Бочковых в деревне считали слишком гордыми, хоть и жили они небогато: полторы десятины земли, лошадь, корова и две свиньи. Большину[4] держала вдовая бабка Марфа, все в деревне ее звали Бочихой. Рано осиротевшую, ее взяла в дом помещица Ртищева из Торжокского уезда и дала образование. А в тринадцать лет Марфу испортил муж помещицы – такого был горячего темперамента, что не пропускал ни одной юбки как в самом имении, так и в округе. Ни для кого похождения барина не были тайной: девки боялись его как огня. Не знала обо всем, как часто бывает, только сама помещица. Марфа в слезах сразу же прибежала жаловаться, но барыня сначала не поверила, а потом обвинила: «Нечего было хвостом вертеть».
Чтобы избежать пересудов и скрыть беременность, Марфу отправили трудницей[5] в Воскресенский женский монастырь, в Торжок, за тридцать верст. Там она научилась вышивать и шить: торжокские золотошвеи славились на всю Россию. Родила Федора, а через несколько лет вышла замуж в Дмитрове – вдовец Осип приметил ее в монастыре, куда приехал на богомолье. Жили хорошо, родили еще детей, но остались только Антонина и Мотя. Осип рано умер, и семью пришлось поднимать самой. Старуха Ртищева отыскала Марфу уже перед своей смертью, приезжала в Дмитрово, каялась – муж всех девок в округе «перетоптал», а теперь уже умер.
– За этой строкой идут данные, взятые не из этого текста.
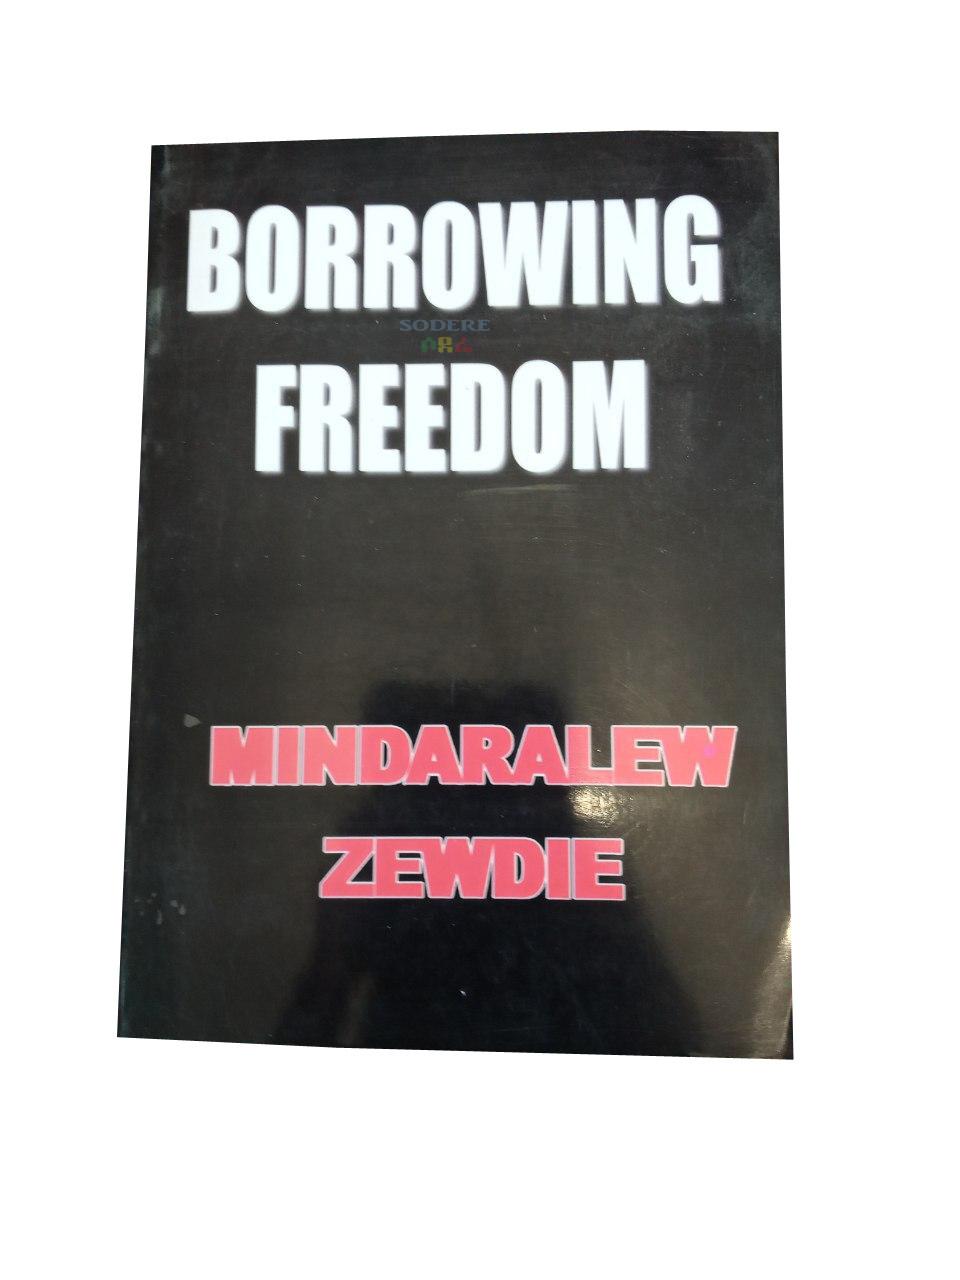 Borrowing Freedom By Mindaralew Zewdie

Марфа не простила, но деньги все же взяла.
Вот и сейчас Бочковы выживали благодаря бабке. Несмотря на старость и плохое зрение, шила наряды, правда, теперь уже не золотом, как когда-то при монастыре, а обыкновенными нитками. За платья, поддевы, рубахи и полотенца хорошо платили: кто муки притащит, кто – зерна, отрез полотна или сахарную голову, а некоторые и деньгами благодарили. Иногда приезжали из самой Старицы. Если бы Федор деньги не пропивал и в долг не брал, жили бы припеваючи за счет этих заказов – «бабкина доля», как их в семье называли. Все понимали, что в неурожайные годы только благодаря бабке Марфе хлеб с лебедой не ели. Вот и невестка Дуська лишний раз фыркнуть не смела.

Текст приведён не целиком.